Mais voici quelques joueurs d’écoles qui pourraient avoir une chance si les astres sont alignés.
- Tyler Tettleton, QB, Ohio
Avant l’an dernier, Tyler était connu comme le fils de Mickey Tettleton, l’ancienne gloire des Tigers de Detroit. Mais après une saison où il lancé pour 3302 verges et 28 touchés, en plus d’avoir mené les Bobcats à une victoire au Famous Idaho Potato Bowl (ben oui, je sais, le bol de patates…) et convaincu son entraîneur d’y aller avec une attaque sans caucus, on s’attend à de grande choses du quart de troisième année. Sans compter qu’il peut aussi faire des dommages avec ses jambes, comme le démontrent ses 658 verges et 10 touchés au sol. Par contre, pour avoir une chance, Ohio devra être presque parfait, remporter tous ses matchs de la MAC et participer à un bowl dont le nom ne comporte pas de nom de légume.

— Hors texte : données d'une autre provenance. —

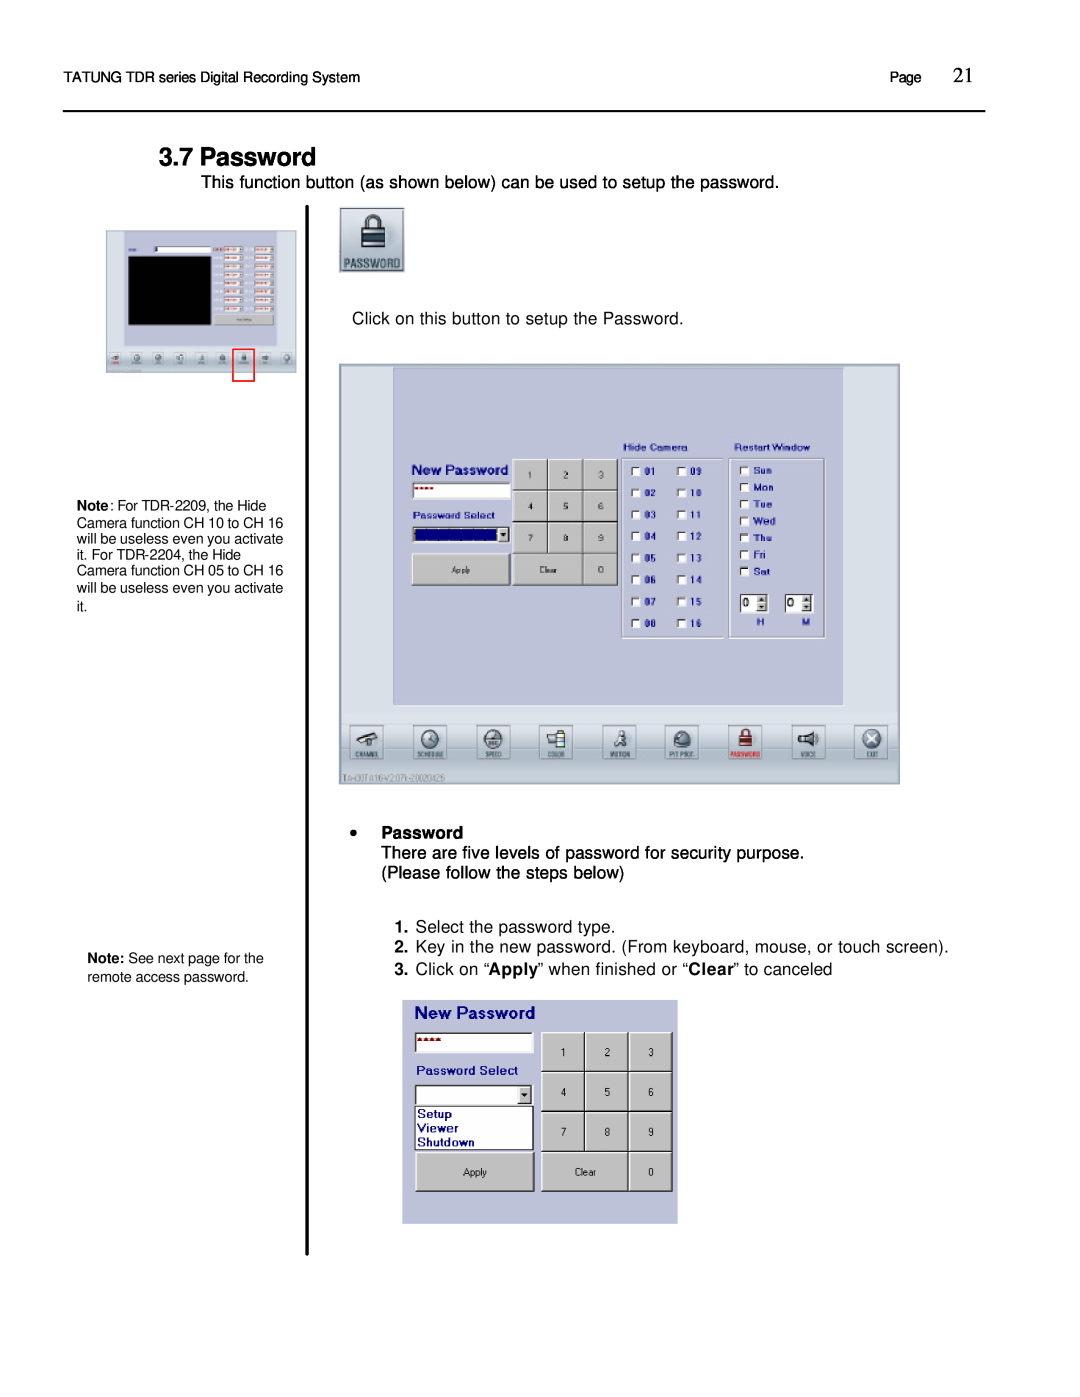 Tatung TDR-22XX operation manual ∙ Password

- Derek Carr, QB, Fresno State
Oui, il s’agit bel et bien du frère de David Carr, quart substitut pour les Giants de New York et ancien premier choix du repêchage de la NFL. Le cadet des Carr a lancé pour 3544 verges (15e dans toute la NCAA) et 26 touchés à sa première saison comme partant des Bulldogs. Cinq des quarts qui le devançaient au chapitre des verges ont terminé leur stage universitaire. Ce que ça va prendre pour emmener un Heisman à Fresno? Probablement 12 victoires et des gains contre Oregon, Boise State et Colorado. Autrement dit, un classement dans les 15 premiers au pays. Et encore : ça n’a pas été suffisant pour Keenum l’an dernier.
- Alex Carder, QB, Western Michigan
Un des 10 quarts qui reviennent cette saison et qui étaient devant Carr est Carder, qui a récolté 3873 verges (9e) et 31 touchés (12e). Sauf que 548 de ces verges et 7 des touchés sont survenus dans un seul match contre... Toledo. C’est un gros point négatif chez les voteurs lorsque vous obtenez une trop grande partie de votre production en un seul match. La fiche des Broncos (7-6) est nettement insuffisante pour rêver au Heisman. Il faudra qu’il commence par gagner plus souvent et, ensuite, couper un peu dans ses 14 interceptions de l’an passé. Malheureusement, le seul adversaire notable à l’horaire cette saison est Illinois. Carder a besoin d’un miracle pour remporter le prestigieux trophée.
- Zach Line, RB, SMU
Si Line tentait sa chance en 2013, elle serait bien meilleure. Les Mustangs seront alors dans la Big East, une conférence à qualification automatique (pour l’instant). Mais SMU évolue encore dans la C-USA cette saison, ce qui rendra les choses beaucoup plus difficiles. Il a récolté 1224 verges et 17 touchés en jouant seulement 10 des 13 matchs de son équipe en 2011. Une saison complète avec une performance similaire pourraient le propulser au sommet.
- Terrance Owens, QB, Toledo
Owens n’a lancé que pour 2022 verges et 18 touchés, mais il a terminé 6e dans la NCAA au chapitre du rating (169.2), devant Matt Barkley et Brandon Weeden. Pour avoir une chance, il devra jouer tous les matchs en 2012 (seulement 11 sur 13 l’an dernier) et maintenir un total d’interception similaire (3). Il n’a subi que deux sacs l’an dernier. Une répétition de ce chiffre aiderait beaucoup.
- Branden Oliver, RB, Buffalo
Les statistiques d’Oliver en 2011 sont éloquentes : 1395 verges (13e dans la NCAA) et 13 touchés. Les Bulls ont affiché un dossier de 3-9 en 2011. Disons simplement que les chances du porteur de ballon sont très, très minces. Il lui faudra doubler son nombre de touchés et se trouver des mains pour attraper plus de ballons (38 réceptions et 365 verges).